Let’s pretend for a moment that I’m telling you about a movie I’ve just seen. If I were to tell you that it was an animated/live-action film noir starring Brad Pitt, set in a dark and dangerous world that was basically “Toontown meets Vegas meets Hell”, you might rightfully think this was a pretty cool picture. Unfortunately, once you actually got around to seeing it for yourself you would almost certainly be disappointed with the result. Such is the case with one of the weirdest, wildest animated films to come out of the ’90s, Cool World.

Cool World is a movie I have a complicated relationship with. It’s an obviously flawed film, preserving its creator’s subversive streak but drowning out his signature voice and the social commentary that was central to his best films, and the experience making it permanently soured its creator on working with Hollywood—and despite said flaws, it’s one that I happen to have a particular soft spot for.

To understand Cool World, first you have to be familiar with one name: Ralph Bakshi. Bakshi is a pioneer in the field of animation, almost singlehandedly creating the idea of animation that was aimed strictly at adults. If it wasn’t for the subversive work that Bakshi has done, we likely wouldn’t have the likes of The Simpsons, South Park, Rick and Morty, or really any animation that’s aimed strictly at a grown-up audience.
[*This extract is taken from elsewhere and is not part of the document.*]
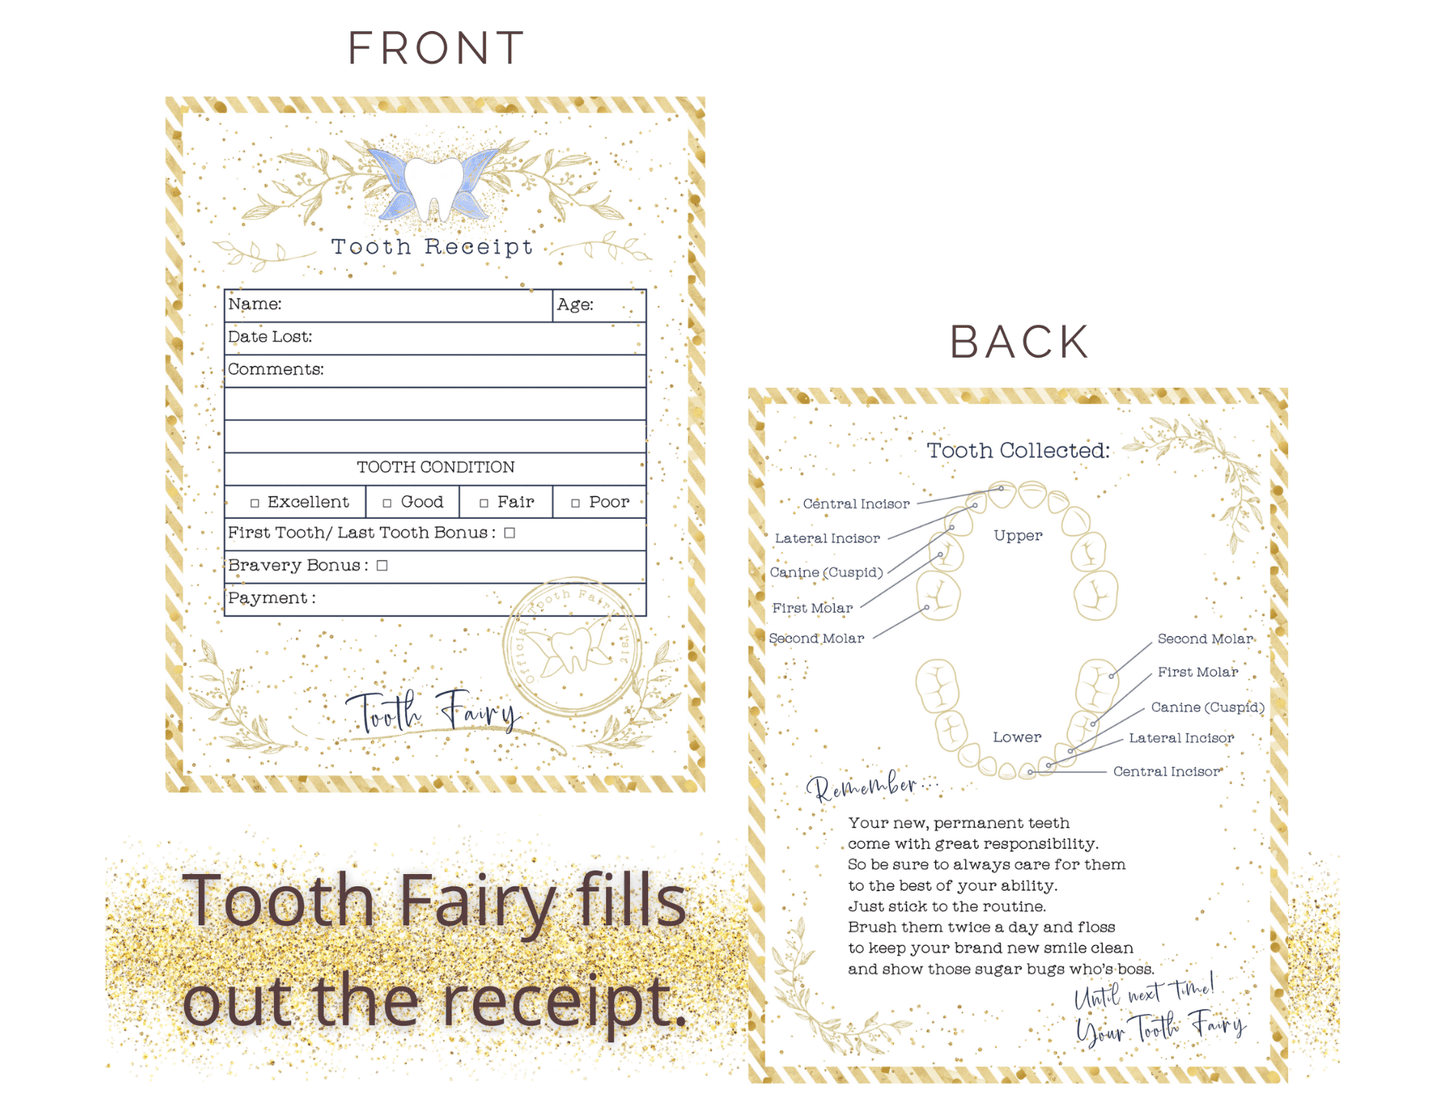 Tooth Fairy Receipt Cards, pack of 20, with 1 Soft Tooth Pouch

His first film Fritz the Cat was the first X-rated animated picture, simply because at the time there was no concept of animation for adults, and to this day is the most successful independent animated feature of all time. He went on to make several more seminal pieces of adult animation, including Heavy Traffic, American Pop and Coonskin. His series Spicy City on HBO was the first “adults only” animated series, coming a little over a month before the premiere of South Park—stuff like Liquid Television had previously existed but wasn’t explicitly marketed as being for adults. And Cool World was the last feature film Bakshi would ever make, with his experience making it playing a big role in his decision to retire from the animation industry.

 

Image from Cool World: Holli Would dancing in her apartment with a projector in the background showing an old movie

Cool World was a production that was seemingly doomed from the start. Bakshi had initially pitched the film as an R-rated horror movie that was a hybrid of live-action and animation, centered around an underground cartoonist who goes on to father a half-human, half-cartoon child that goes onto chase its father to the real world to confront and kill him. Paramount Pictures bought the idea, but producer Frank Mancuso Jr. decided that instead of going for a hard R, the film should instead aim for a PG rating to try and bank on the success of Who Framed Roger Rabbit. As Bakshi tells it, he was handed a new script on the first day of production, leading to him getting into a physical altercation with Mancuso—and being threatened by a potential lawsuit from Paramount if he didn’t complete the film.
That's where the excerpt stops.